▶ [PROBLEM REQUIREMENTS] The result should be an exact copy of only the lines from the one with "PANDJRIS CUTTING TABLE, 12'W" through the last line of the data below, with pictures omitted.

▶ [STORED DATA]
· · · · ·
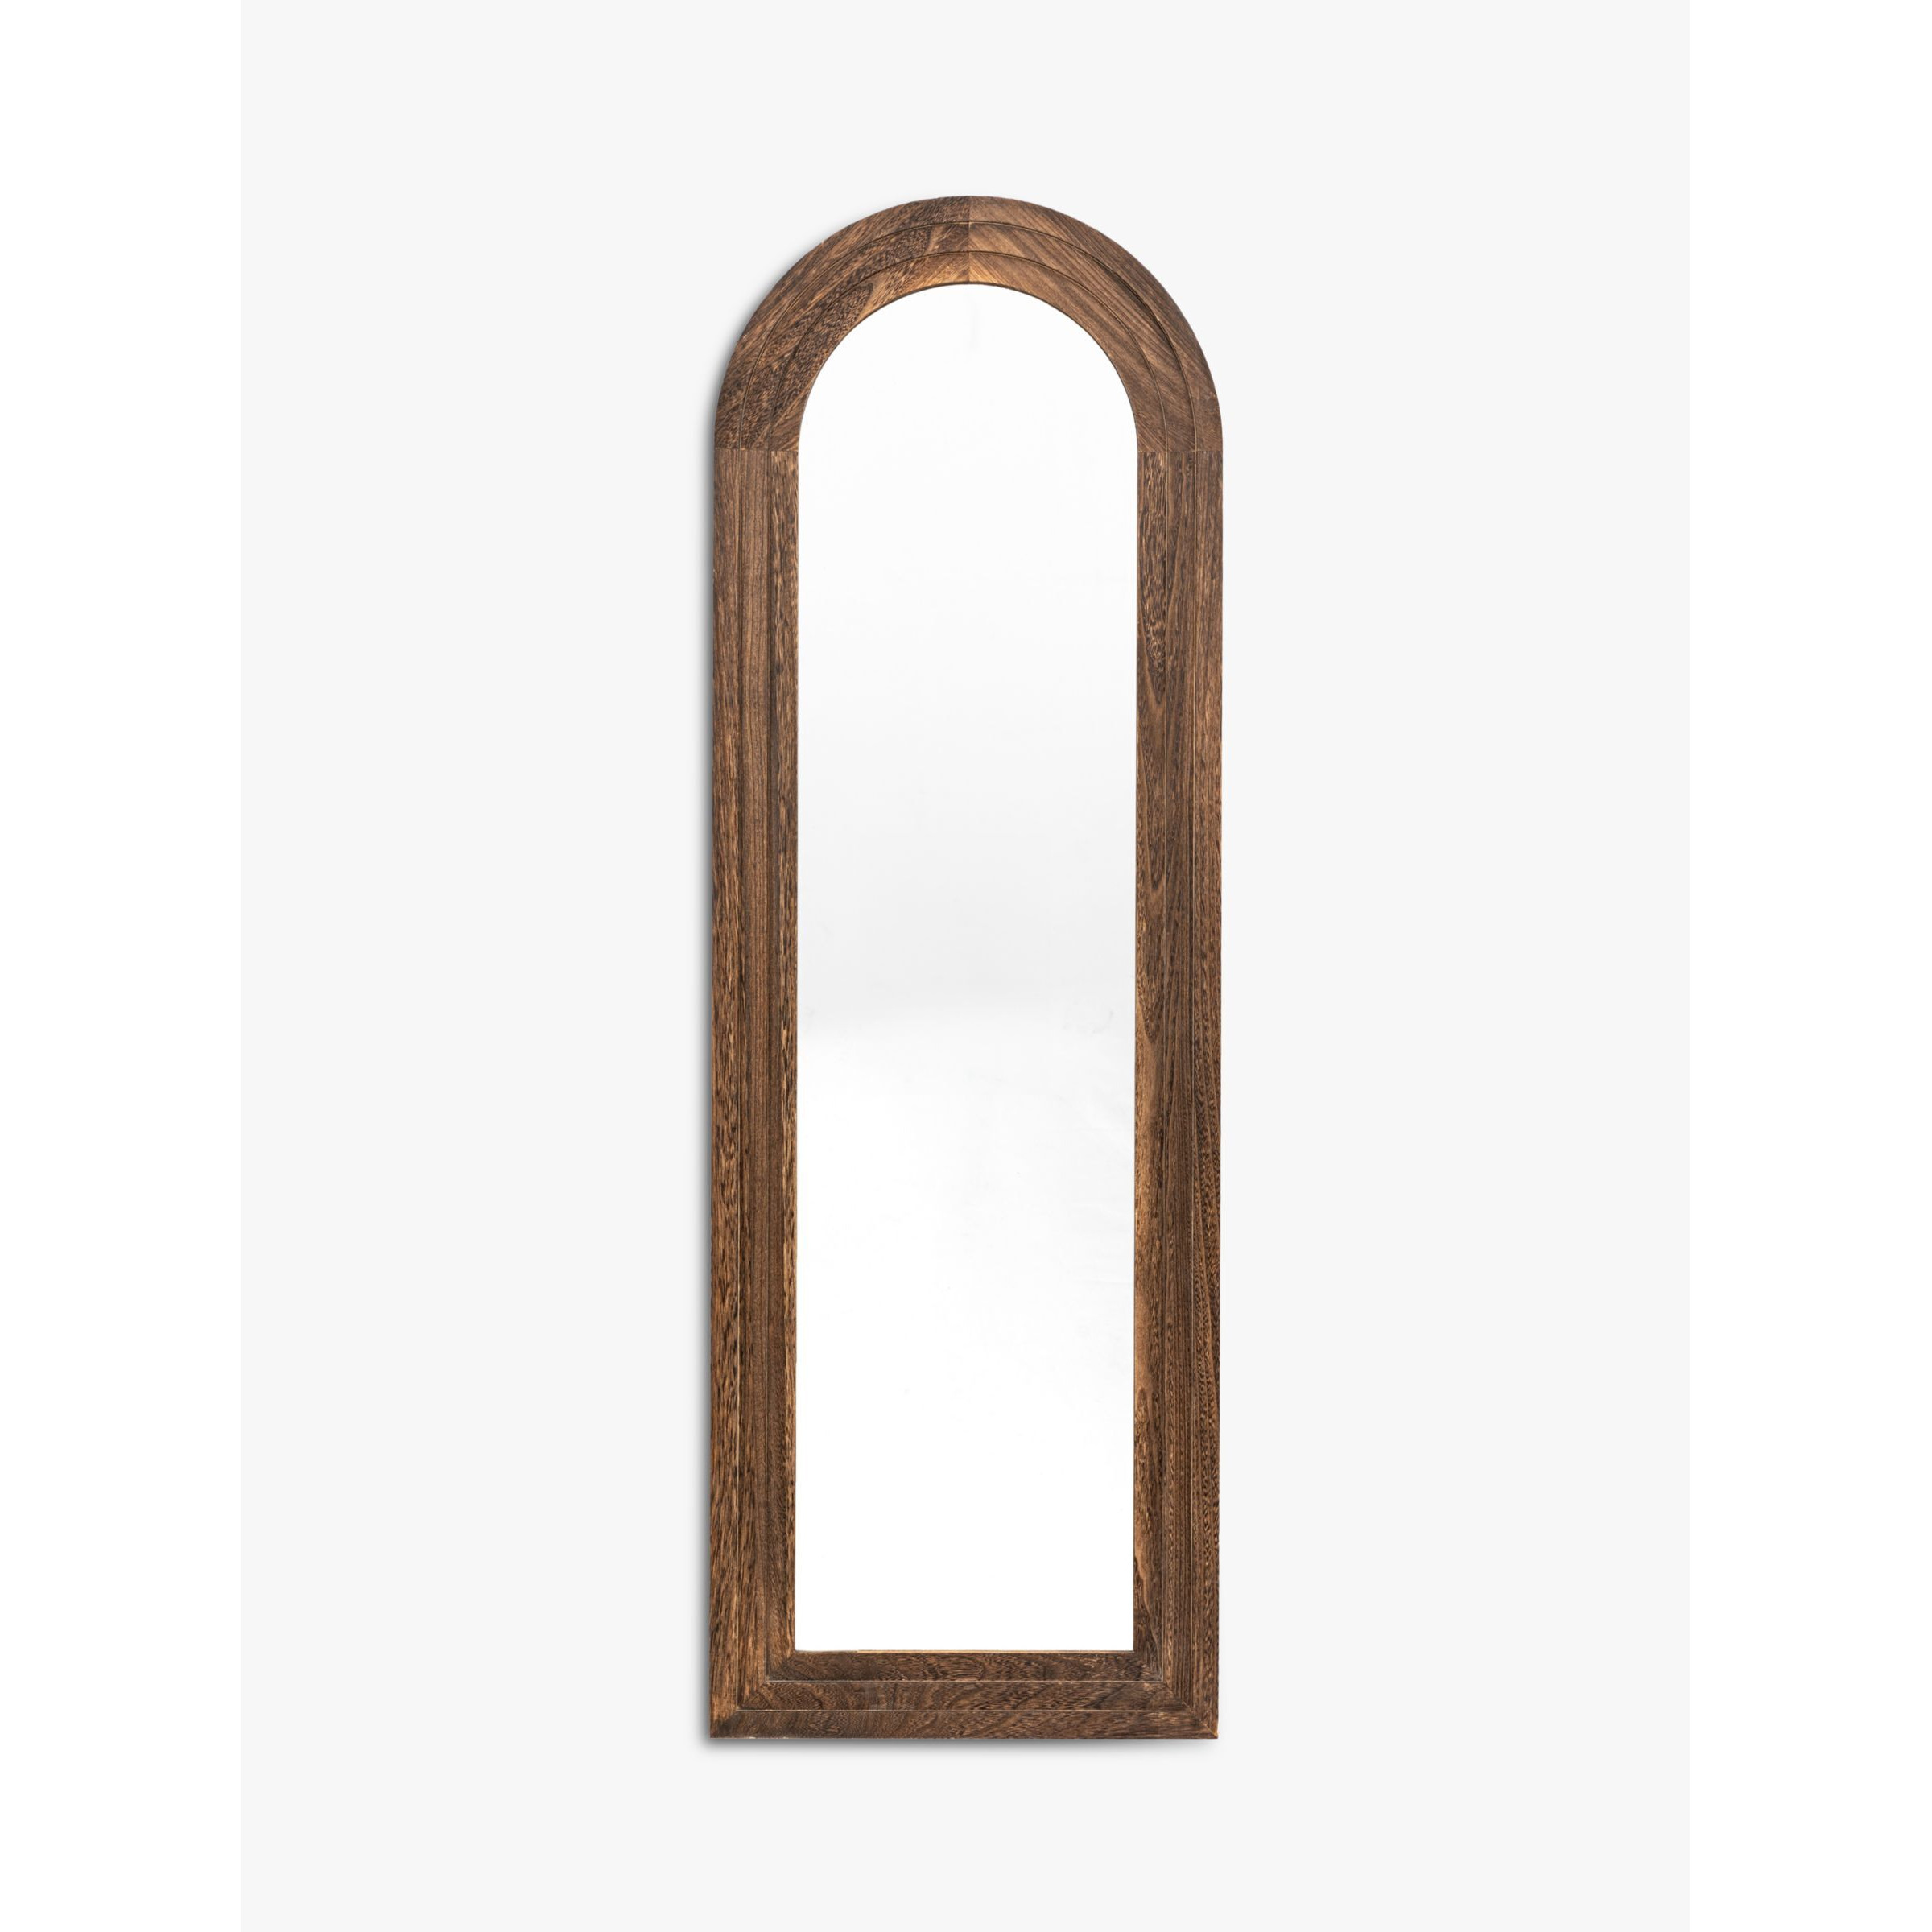 Gallery Direct Modesto Full-Length Arched Wooden Wall Mirror, 163 x 54cm, Dark Wood - image 1
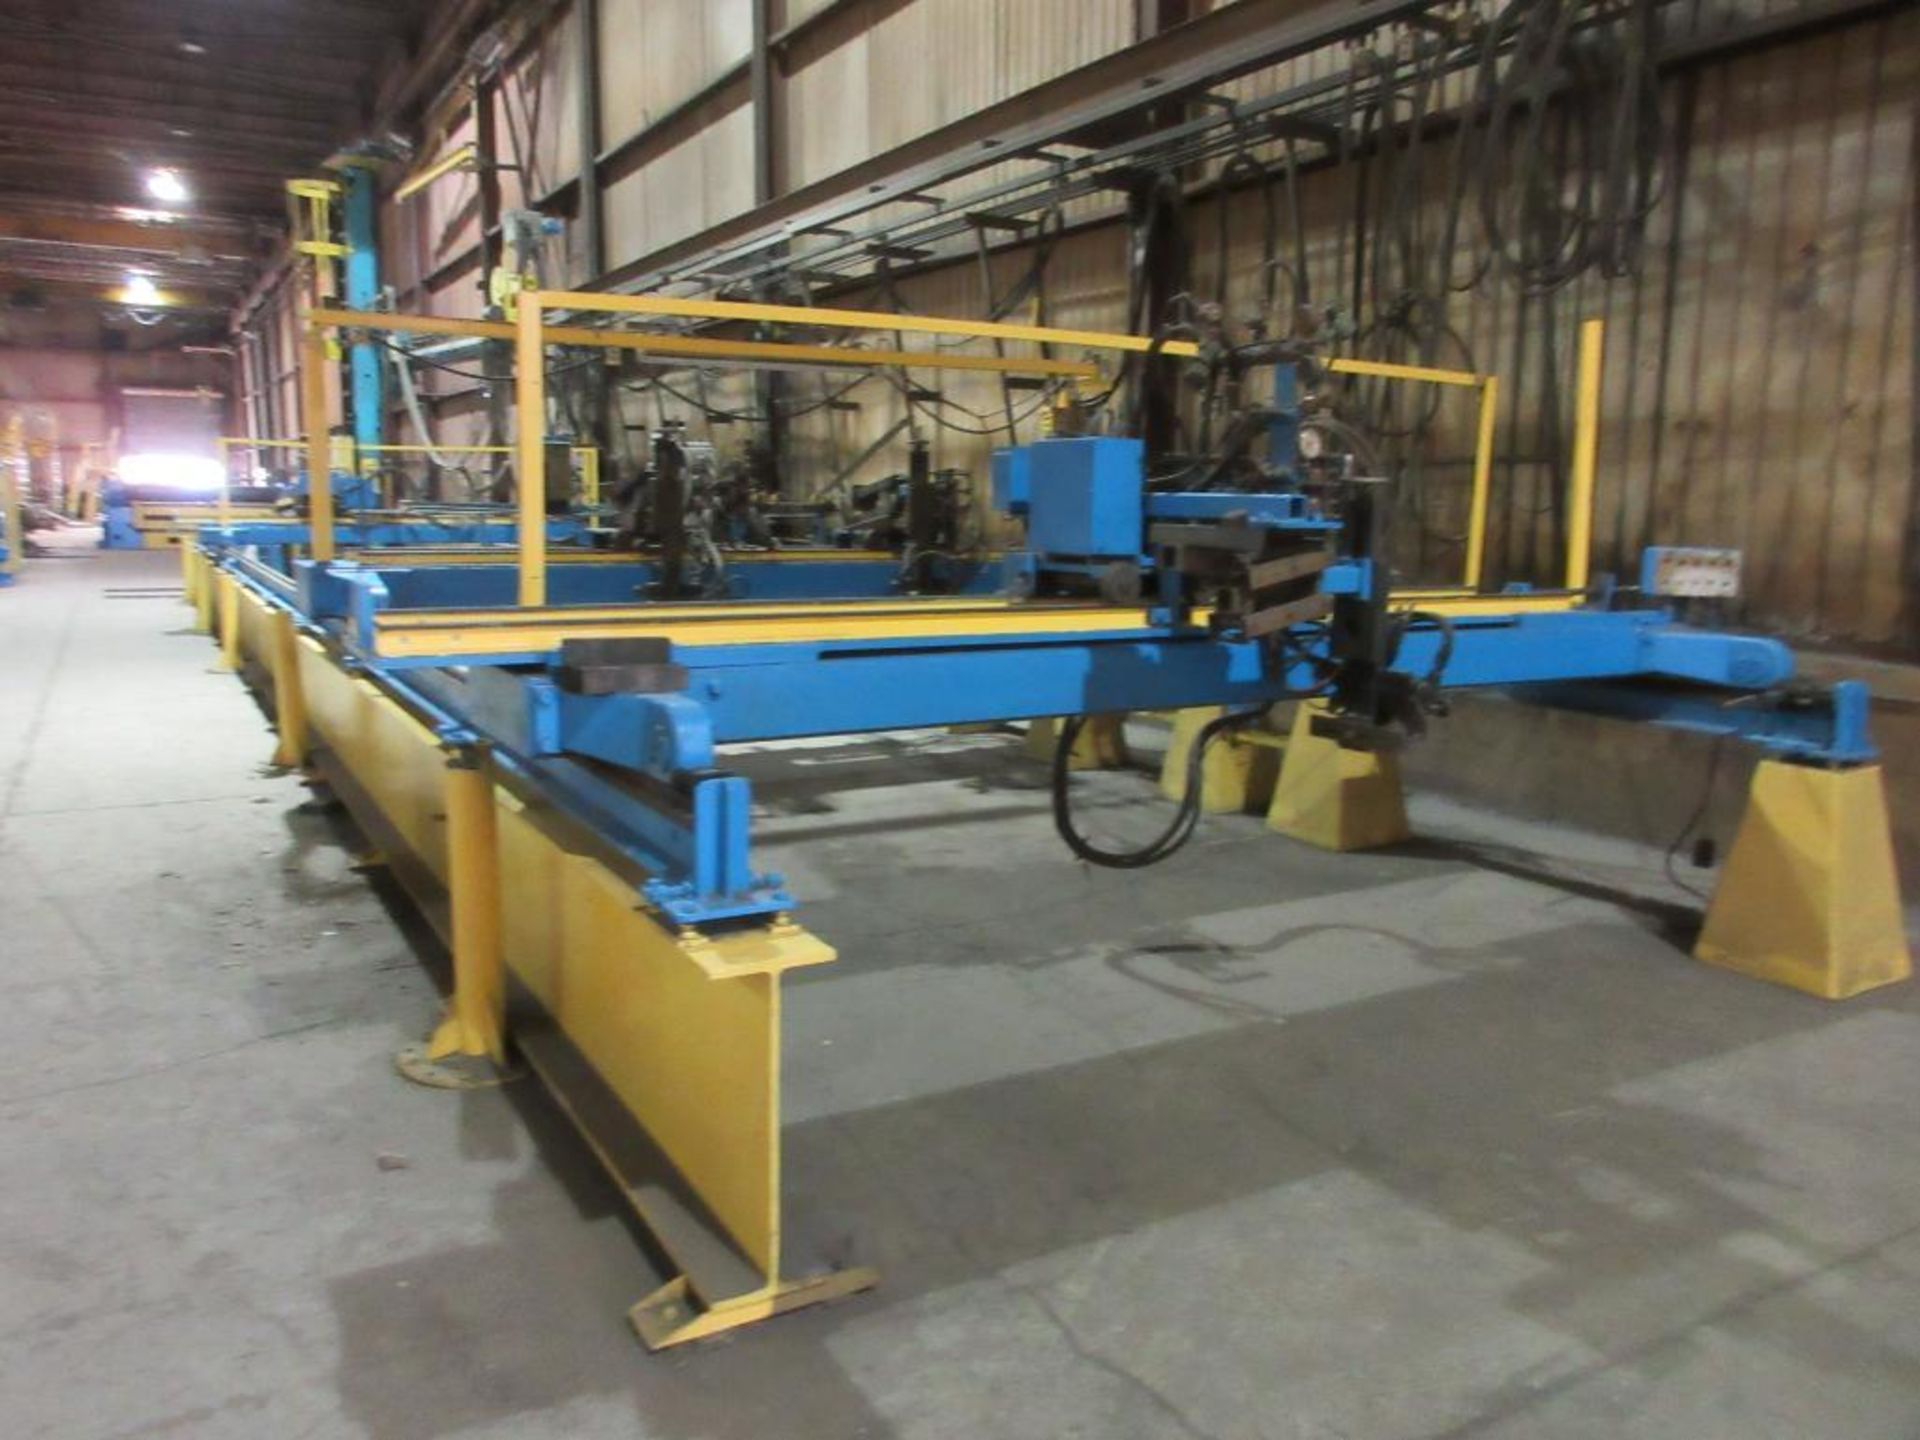 PANDJRIS CUTTING TABLE, 12'W X 66'L APPROX, WITH 3 12' BRIDGES, 3 TORCHES, TROLLIES, WALL MOUNTED WI - Image 8 of 11
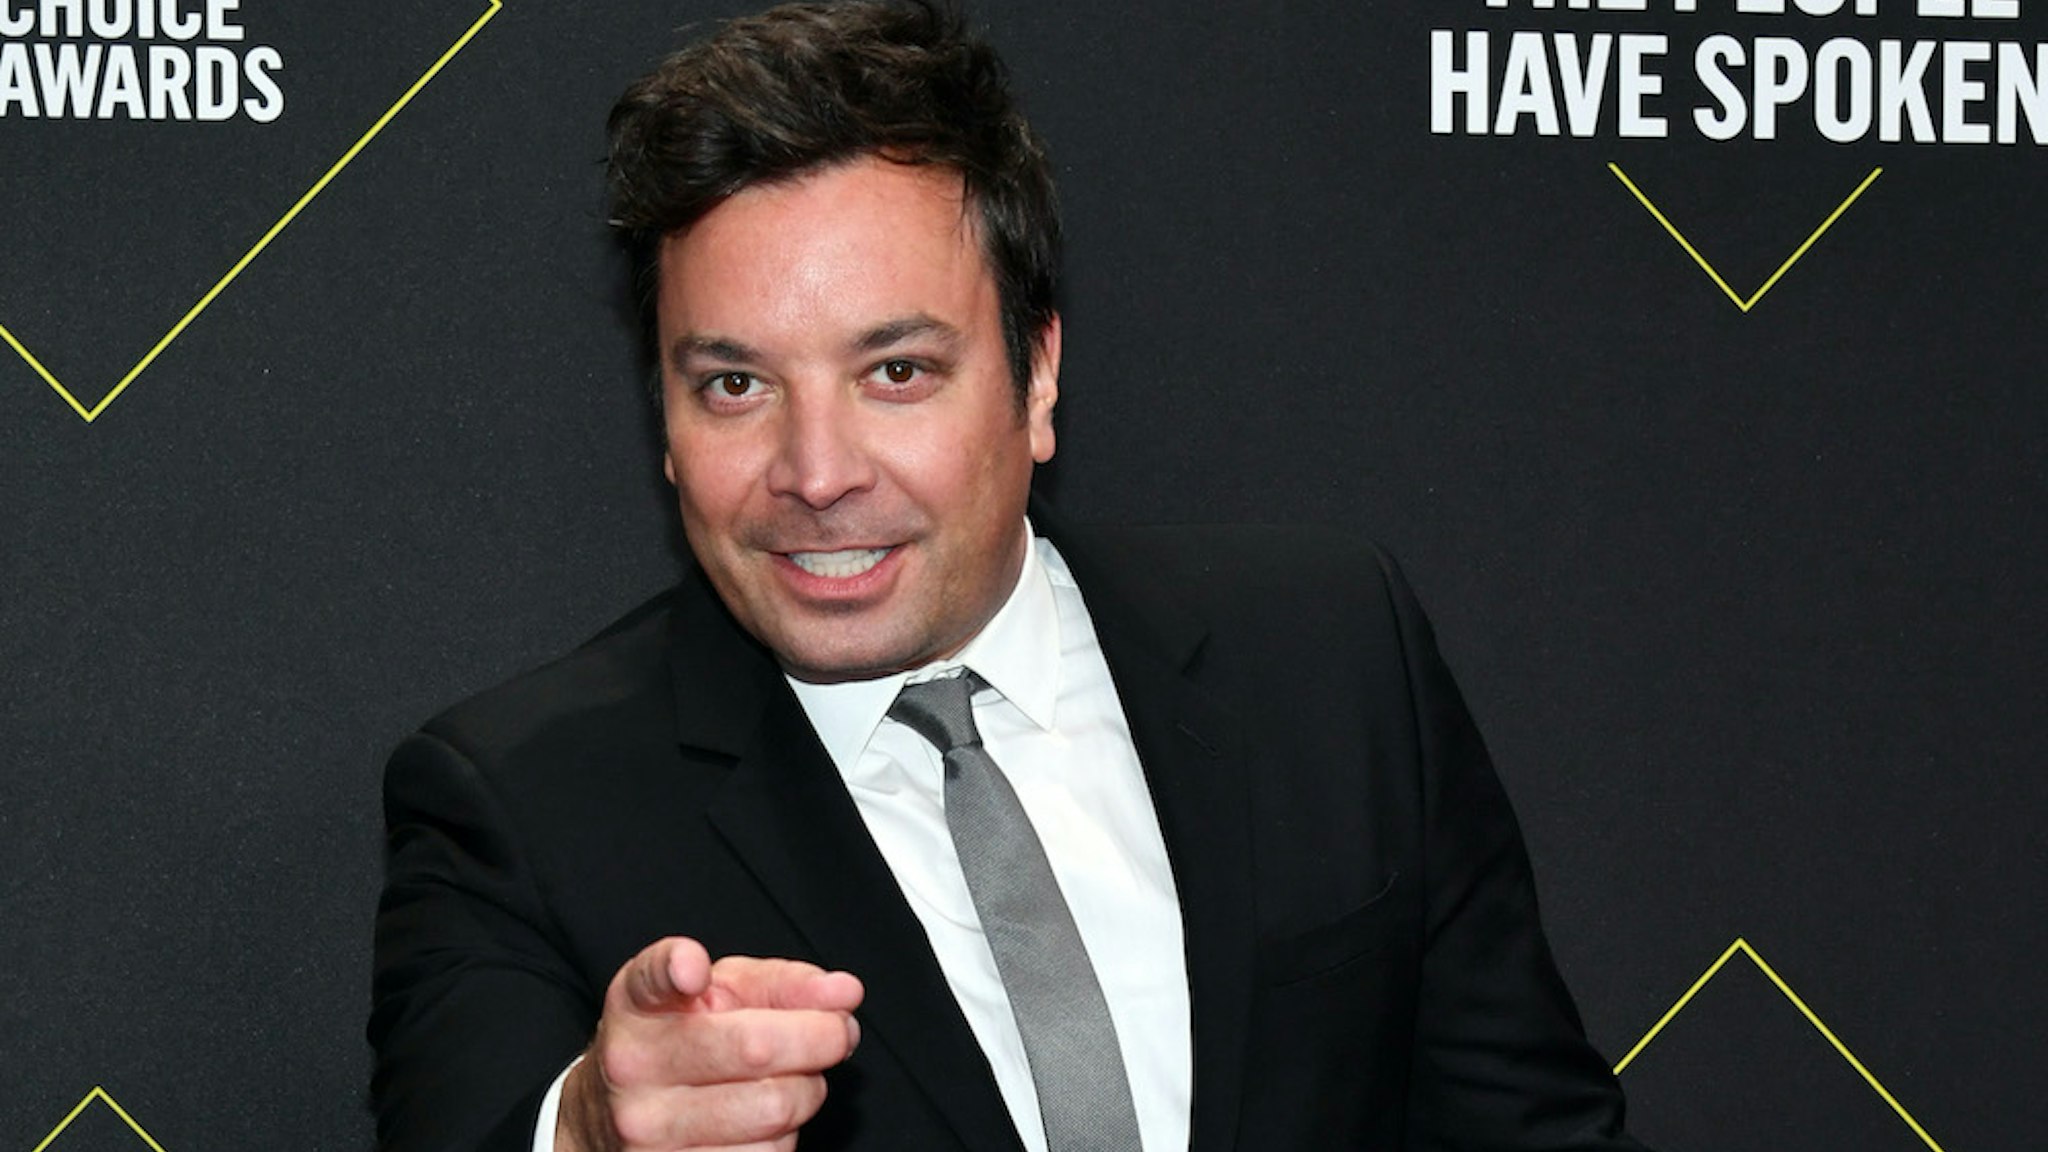 Jimmy Fallon arrives to the 2019 E! People's Choice Awards held at the Barker Hangar on November 10, 2019 -- NUP_188989 (Photo by: Amy Sussman/E! Entertainment/NBCU Photo Bank)
· · · · ·
▶ [REPLY TO THE EXERCISE]
 PANDJRIS CUTTING TABLE, 12'W X 66'L APPROX, WITH 3 12' BRIDGES, 3 TORCHES, TROLLIES, WALL MOUNTED WI - Image 8 of 11
 Jimmy Fallon arrives to the 2019 E! People's Choice Awards held at the Barker Hangar on November 10, 2019 -- NUP_188989 (Photo by: Amy Sussman/E! Entertainment/NBCU Photo Bank)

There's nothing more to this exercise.